This has happened before to an AWS customer: https://forums.aws.amazon.com/thread.jspa?messageID=351770


----------



## sunnysky50m (Mar 31, 2008)

Some malware sites say it is safe and MalwareBytes admin has indicated it is not a false positive and it was blocked by loopback.

3rd party ad aggregators often give permissions for collecting cookie info. IN ANY CASE it is a nuicance.

For some people they dont want to know about this, unless something on the page doesn't work as expected.

I prefer to block these embedded link fetches from ads in browsers to 3rd party domains using this.
https://chrome.google.com/webstore/detail/ublock-origin/cjpalhdlnbpafiamejdnhcphjbkeiagm?hl=en rather than use any protection like MalwareBytes.

This tool is like a firewall for webcontent.... and requires your attention to allow more than the the basic content from that domain. THese days ads are managed by aggregators from 3rd party domains and statistic tracking domains. Get used to this or ignore it or disable it.

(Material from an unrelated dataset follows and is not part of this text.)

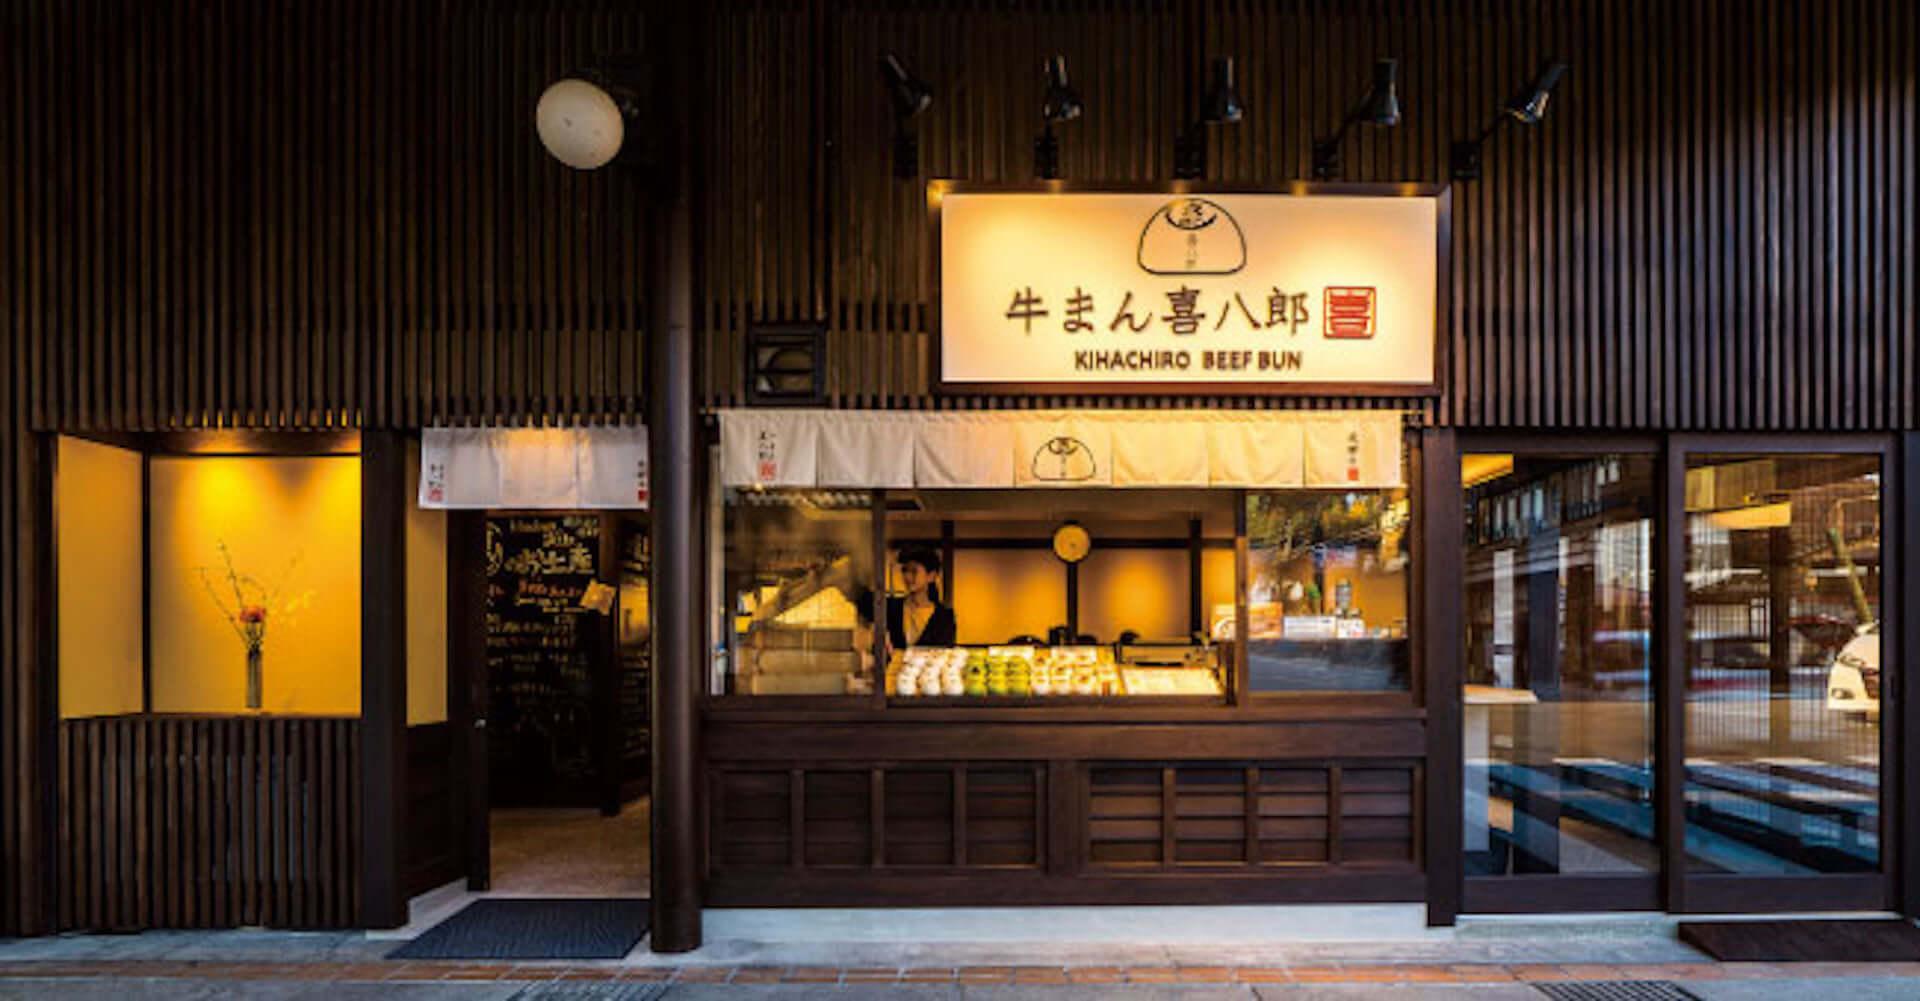 飛騨牛まんを堪能できる秋のお取り寄せグルメが19%OFFの特別価格で発売!喜八郎が期間限定キャンペーンを開始 gourmet200928_kihachiro_7-1920x1001

Then I disable from toolbar, if I choose to trust part of page, page only or entire domain if any significant features dont work as expected. (eg play a video)


----------



## niknettech (Oct 23, 2015)

If malwarebytes is reporting the problem coming from chrome.exe, there could be a problem with an extension. Try going into settings, then extensions and disable anything from amazon and others if you want. Give it a test run. If this solves the problem, make sure to leave it disabled as opposed to removing it. If it's removed it could potentially be re-installed. If it's disabled it will stay disabled. If that does not work, then check your programs and features under control panel. Just above the list of software, click on publisher to sort by publisher. Remove software made by amazon, then try again.


----------